Thanks for sharing the files!

Looks like the "malformed cvParam" in question can be found in the precursor/activation chain. Sage's parser attempts to read both an accession and a value from any cvParam nested in a precursor item. Checking the spec, it appears that value is actually optional, but examples in the document (and all recent mzML's I have seen) have empty values (e.g., "") rather than omitting the tag.

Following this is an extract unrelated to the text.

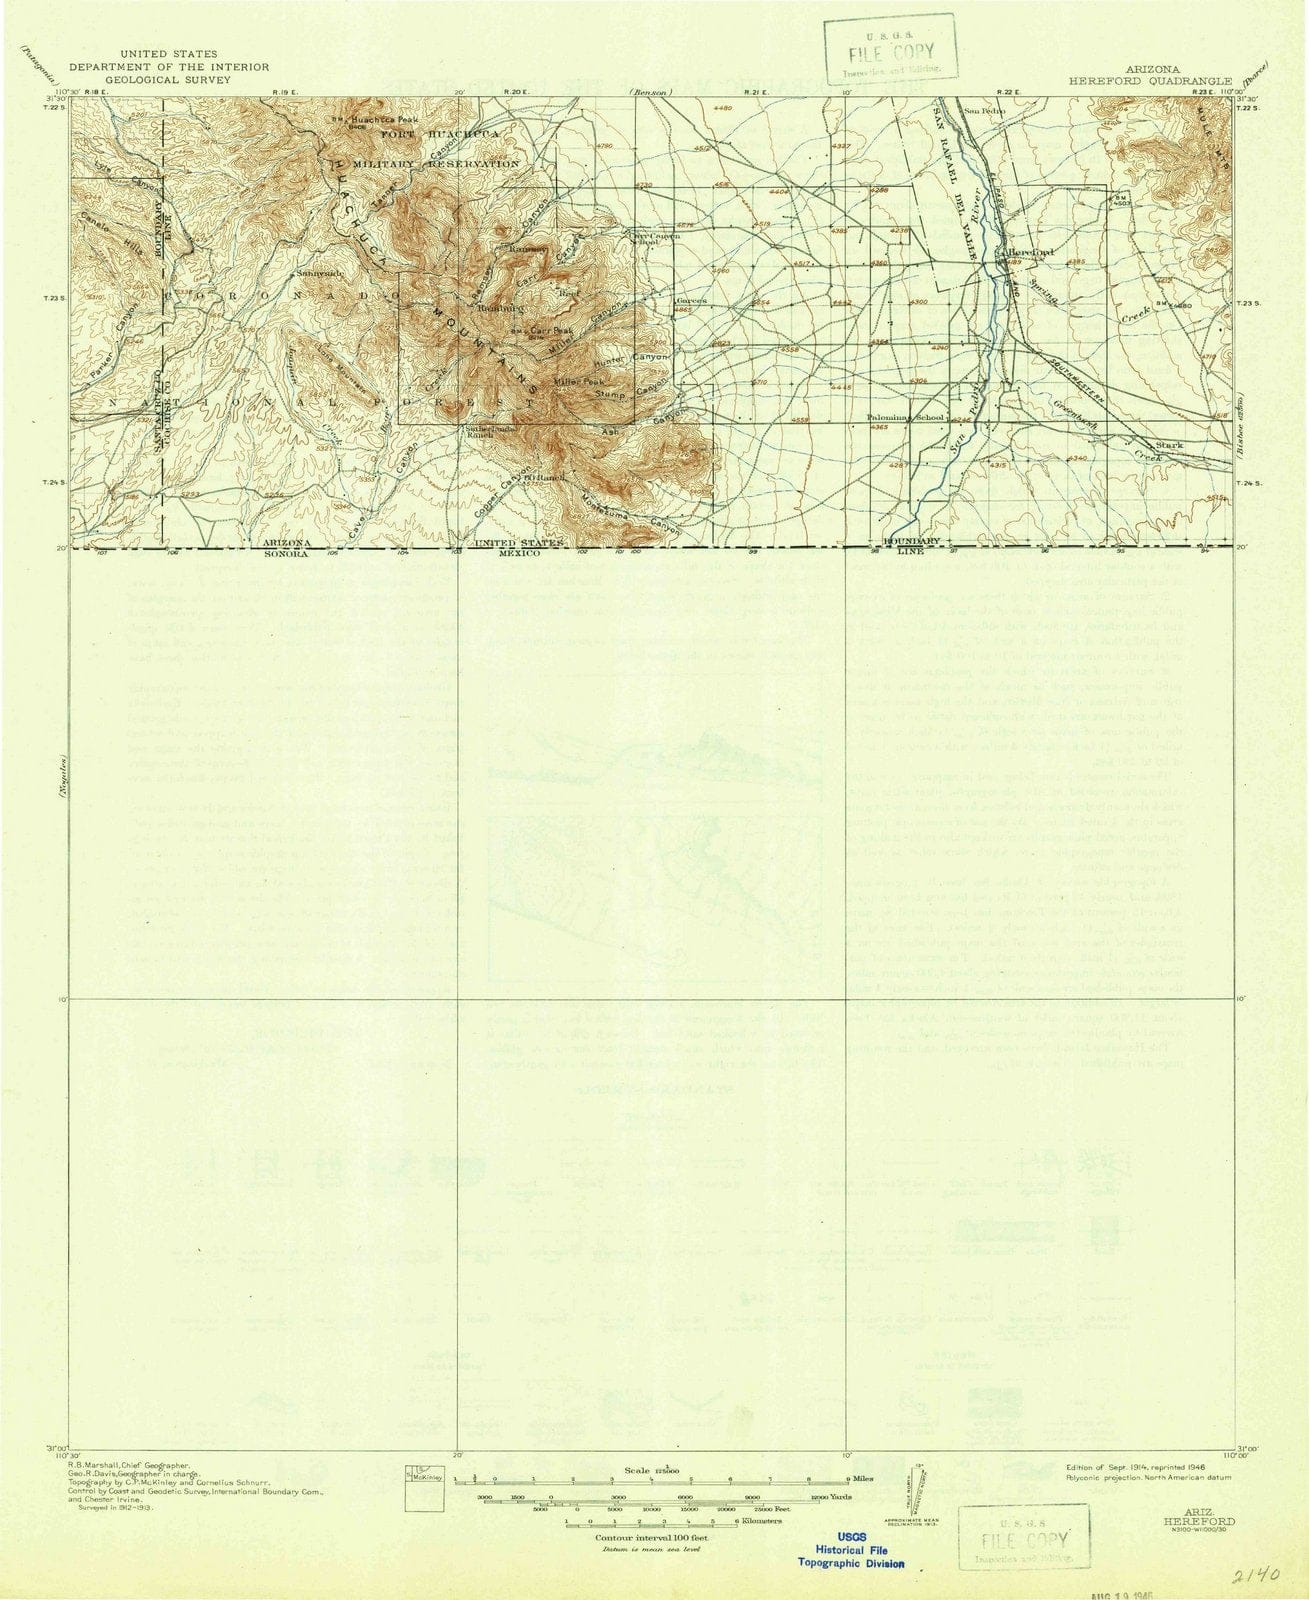 1914 Hereford, AZ - Arizona - USGS Topographic Map

"Malformed" (but actually compliant) item in question:

<cvParam cvRef="MS" accession="MS:1000133" name="collision-induced dissociation" />

Example from the test mzML in this repo:

<cvParam cvRef="MS" accession="MS:1000422" name="beam-type collision-induced dissociation" value=""/>

I will fix the parser and do some tests, then drop a new release.

lazear commented 1 year ago

OK, just put a new release, should fix this issue!